The Galois group of the ray class field is the group of fractional ideals relatively prime to $\mathfrak p$ modulo the principal ideals with generators $1$ mod $\mathfrak p$. This naturally maps to the class group, and the kernel consists of principal ideals, and is hence isomorphic to $(\mathcal O_K/\mathfrak p)^\times / \mathcal O_K^\times$. The ramification group at $\mathfrak p$ in the abelianization of the Galois group is $\mathcal O_{K_p}^\times$, and the maps is $\mathcal O_{K_p}^\times \to (\mathcal O_K/\mathfrak p)^\times / \mathcal O_K^\times$ is the obvious projection factoring through $(\mathcal O_K/\mathfrak p)^\times$.

Hence the ramification group of the extension is isomorphic to $(\mathcal O_K/\mathfrak p)^\times / \mathcal O_K^\times $ and is entirely tame - there are no higher ramification groups.

$\mathfrak p$ is ramified if and only if the natural map $ \mathcal O_K^\times \to (\mathcal O_K/\mathfrak p)^\times$ is not surjective.
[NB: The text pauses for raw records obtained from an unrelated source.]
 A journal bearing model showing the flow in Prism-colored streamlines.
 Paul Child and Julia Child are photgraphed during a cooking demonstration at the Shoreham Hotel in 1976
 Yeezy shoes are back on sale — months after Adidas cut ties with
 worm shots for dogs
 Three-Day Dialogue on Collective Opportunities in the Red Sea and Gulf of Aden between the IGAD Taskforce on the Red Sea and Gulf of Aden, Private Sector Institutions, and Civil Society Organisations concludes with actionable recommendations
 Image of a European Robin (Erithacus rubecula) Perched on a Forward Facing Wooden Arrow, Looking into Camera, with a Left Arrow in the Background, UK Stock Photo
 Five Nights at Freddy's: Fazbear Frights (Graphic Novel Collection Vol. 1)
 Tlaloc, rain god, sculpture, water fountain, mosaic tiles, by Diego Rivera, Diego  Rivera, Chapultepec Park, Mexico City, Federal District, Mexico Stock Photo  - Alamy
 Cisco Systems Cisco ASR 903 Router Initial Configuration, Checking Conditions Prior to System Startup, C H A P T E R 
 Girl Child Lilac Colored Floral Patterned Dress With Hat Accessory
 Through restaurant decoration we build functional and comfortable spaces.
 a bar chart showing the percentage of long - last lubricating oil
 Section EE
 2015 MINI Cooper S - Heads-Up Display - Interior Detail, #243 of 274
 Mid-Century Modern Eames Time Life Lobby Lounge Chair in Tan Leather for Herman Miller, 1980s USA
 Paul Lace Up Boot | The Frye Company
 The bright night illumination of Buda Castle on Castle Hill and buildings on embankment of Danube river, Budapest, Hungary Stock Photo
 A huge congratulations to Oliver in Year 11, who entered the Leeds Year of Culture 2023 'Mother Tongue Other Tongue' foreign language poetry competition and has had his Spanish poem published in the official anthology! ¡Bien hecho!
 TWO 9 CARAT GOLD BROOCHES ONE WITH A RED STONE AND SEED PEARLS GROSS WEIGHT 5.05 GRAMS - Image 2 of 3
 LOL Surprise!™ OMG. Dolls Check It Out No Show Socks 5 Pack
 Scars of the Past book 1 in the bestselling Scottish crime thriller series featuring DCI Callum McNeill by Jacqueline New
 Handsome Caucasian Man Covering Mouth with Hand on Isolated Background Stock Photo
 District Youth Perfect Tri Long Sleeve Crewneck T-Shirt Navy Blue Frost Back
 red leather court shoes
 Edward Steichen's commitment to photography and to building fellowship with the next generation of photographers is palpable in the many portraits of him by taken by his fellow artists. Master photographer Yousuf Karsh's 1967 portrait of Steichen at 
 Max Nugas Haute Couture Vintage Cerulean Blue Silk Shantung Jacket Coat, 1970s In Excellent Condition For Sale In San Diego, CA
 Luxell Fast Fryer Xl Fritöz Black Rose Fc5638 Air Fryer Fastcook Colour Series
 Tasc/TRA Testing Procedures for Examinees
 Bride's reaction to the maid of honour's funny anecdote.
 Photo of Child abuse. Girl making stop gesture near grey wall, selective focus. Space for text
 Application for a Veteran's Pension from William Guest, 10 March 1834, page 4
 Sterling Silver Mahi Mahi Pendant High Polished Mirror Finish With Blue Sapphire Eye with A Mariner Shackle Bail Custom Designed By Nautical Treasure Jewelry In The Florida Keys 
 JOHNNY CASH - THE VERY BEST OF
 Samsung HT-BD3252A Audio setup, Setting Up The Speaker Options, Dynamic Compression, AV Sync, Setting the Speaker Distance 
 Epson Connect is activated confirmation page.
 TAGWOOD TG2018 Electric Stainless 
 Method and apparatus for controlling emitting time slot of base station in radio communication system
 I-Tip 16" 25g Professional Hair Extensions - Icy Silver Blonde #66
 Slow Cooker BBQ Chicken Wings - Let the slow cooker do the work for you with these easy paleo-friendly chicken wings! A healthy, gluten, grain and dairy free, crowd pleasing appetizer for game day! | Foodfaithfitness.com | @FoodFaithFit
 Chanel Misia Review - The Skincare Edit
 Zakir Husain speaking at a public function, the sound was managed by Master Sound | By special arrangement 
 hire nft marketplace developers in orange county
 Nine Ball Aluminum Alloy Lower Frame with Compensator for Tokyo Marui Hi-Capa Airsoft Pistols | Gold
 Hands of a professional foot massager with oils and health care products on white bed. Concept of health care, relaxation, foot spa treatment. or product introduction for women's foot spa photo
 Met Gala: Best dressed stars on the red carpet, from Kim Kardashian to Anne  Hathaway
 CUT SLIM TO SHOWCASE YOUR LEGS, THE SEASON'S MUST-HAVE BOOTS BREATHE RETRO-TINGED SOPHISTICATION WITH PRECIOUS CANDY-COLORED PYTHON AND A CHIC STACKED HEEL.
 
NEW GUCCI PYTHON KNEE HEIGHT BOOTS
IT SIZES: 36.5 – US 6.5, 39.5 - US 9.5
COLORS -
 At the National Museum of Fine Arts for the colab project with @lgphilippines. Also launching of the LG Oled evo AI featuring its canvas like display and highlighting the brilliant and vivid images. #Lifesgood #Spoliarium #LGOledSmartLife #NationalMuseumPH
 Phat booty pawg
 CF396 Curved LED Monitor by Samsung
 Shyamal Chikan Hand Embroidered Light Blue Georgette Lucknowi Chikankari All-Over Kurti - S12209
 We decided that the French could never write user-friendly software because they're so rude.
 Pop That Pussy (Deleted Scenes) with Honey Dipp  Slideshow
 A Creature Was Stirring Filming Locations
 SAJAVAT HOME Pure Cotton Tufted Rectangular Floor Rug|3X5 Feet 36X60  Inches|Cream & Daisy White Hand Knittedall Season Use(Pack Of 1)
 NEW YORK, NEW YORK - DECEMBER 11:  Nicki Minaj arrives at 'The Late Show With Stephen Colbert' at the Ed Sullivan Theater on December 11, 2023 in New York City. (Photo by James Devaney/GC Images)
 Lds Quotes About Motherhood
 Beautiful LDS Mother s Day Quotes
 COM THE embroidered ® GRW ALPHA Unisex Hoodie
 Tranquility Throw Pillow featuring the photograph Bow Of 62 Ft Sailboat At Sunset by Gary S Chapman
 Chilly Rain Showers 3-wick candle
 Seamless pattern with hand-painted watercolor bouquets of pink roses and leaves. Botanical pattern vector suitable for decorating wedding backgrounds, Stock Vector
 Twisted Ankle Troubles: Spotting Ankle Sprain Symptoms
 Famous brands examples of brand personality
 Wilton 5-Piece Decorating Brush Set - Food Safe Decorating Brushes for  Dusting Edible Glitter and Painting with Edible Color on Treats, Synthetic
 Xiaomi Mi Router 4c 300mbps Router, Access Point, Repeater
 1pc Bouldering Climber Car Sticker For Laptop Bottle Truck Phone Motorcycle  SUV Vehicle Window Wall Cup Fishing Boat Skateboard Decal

This map can only be surjective when $\left|(\mathcal O_K/\mathfrak p)^\times \right| \leq \left| \mathcal O_K^\times\right|$, which happens:

if $K\neq \mathbb Q(i), \mathbb Q(\mu_3)$, only when $\mathfrak p$ is a split or ramified prime lying over $2$ or $3$.

If $K = \mathbb Q(i)$, only when $\mathfrak p$ is the prime lying over $2$ or one of the two primes lying over $5$.

If $K = \mathbb Q(\mu_3)$, only when $\mathfrak p = 2$, the prime lying over $3$, or one of the two primes lying over $7$.

In all these cases, it is easy to see that the map is indeed surjective and so $\mathfrak p$ does not ramify.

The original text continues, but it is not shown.